The Handley Research Group is dedicated to advancing our understanding of the Universe through the development and application of cutting-edge artificial intelligence and Bayesian statistical inference methods. Our research spans a wide range of cosmological topics, from the very first moments of the Universe to the nature of dark matter and dark energy, with a particular focus on analyzing complex datasets from next-generation surveys.
## Research Focus
Our core research revolves around developing innovative methodologies for analyzing large-scale cosmological datasets. We specialize in Simulation-Based Inference (SBI), a powerful technique that leverages our ability to simulate realistic universes to perform robust parameter inference and model comparison, even when likelihood functions are intractable ([LSBI framework](https://arxiv.org/abs/2501.03921)). This focus allows us to tackle complex astrophysical and instrumental systematics that are challenging to model analytically ([Foreground map errors](https://arxiv.org/abs/2211.10448)).

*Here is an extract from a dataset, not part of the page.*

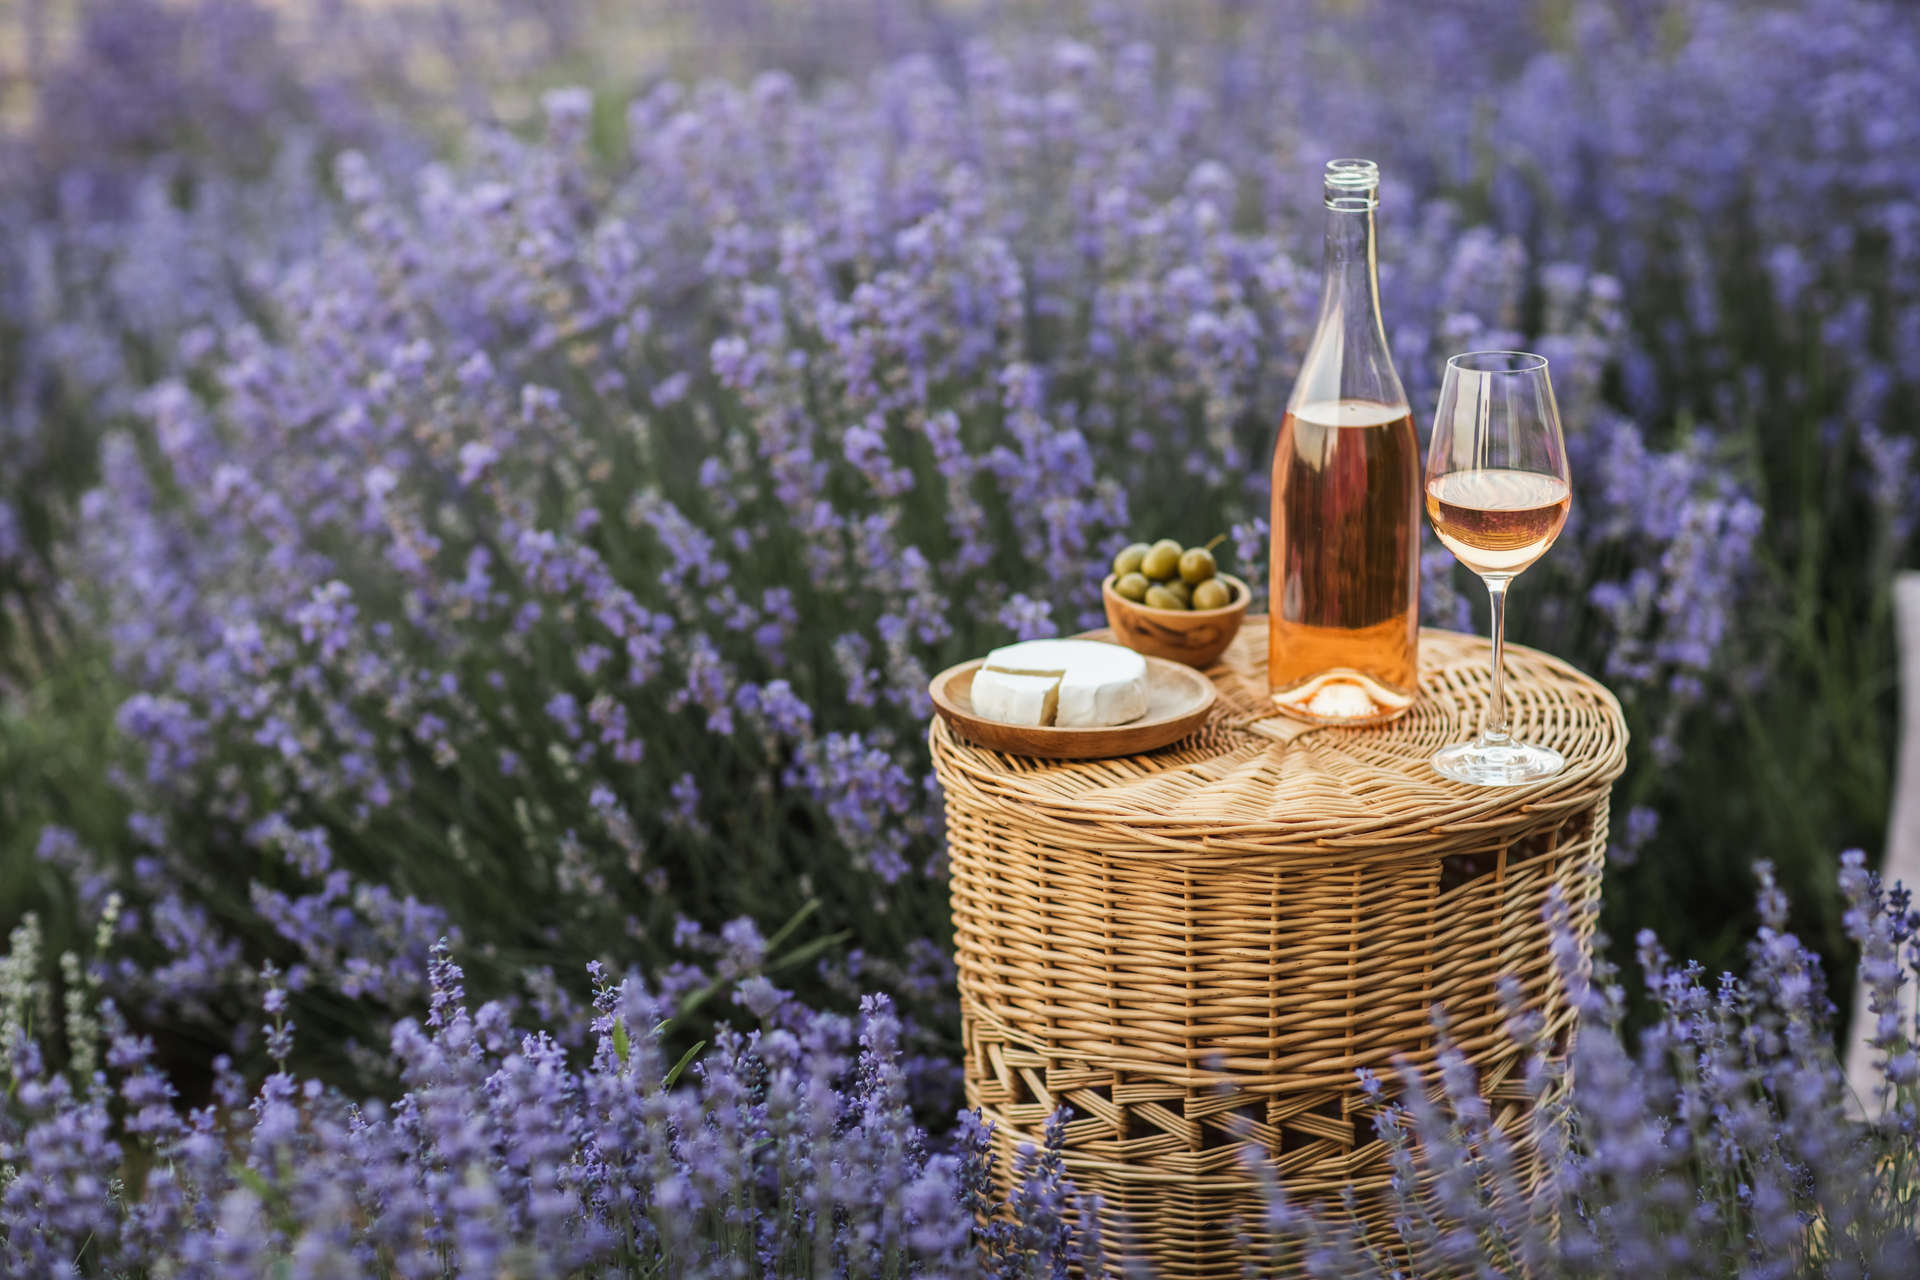 More than 90 percent of the vineyards in Provence are planted only with grapes for making rosé

A key aspect of our work is the development of next-generation SBI tools ([Gradient-guided Nested Sampling](https://arxiv.org/abs/2312.03911)), particularly those based on neural ratio estimation. These methods offer significant advantages in efficiency and scalability for high-dimensional inference problems ([NRE-based SBI](https://arxiv.org/abs/2207.11457)). We are also pioneering the application of these methods to the analysis of Cosmic Microwave Background ([CMB](https://arxiv.org/abs/1908.00906)) data, Baryon Acoustic Oscillations ([BAO](https://arxiv.org/abs/1701.08165)) from surveys like DESI and 4MOST, and gravitational wave observations.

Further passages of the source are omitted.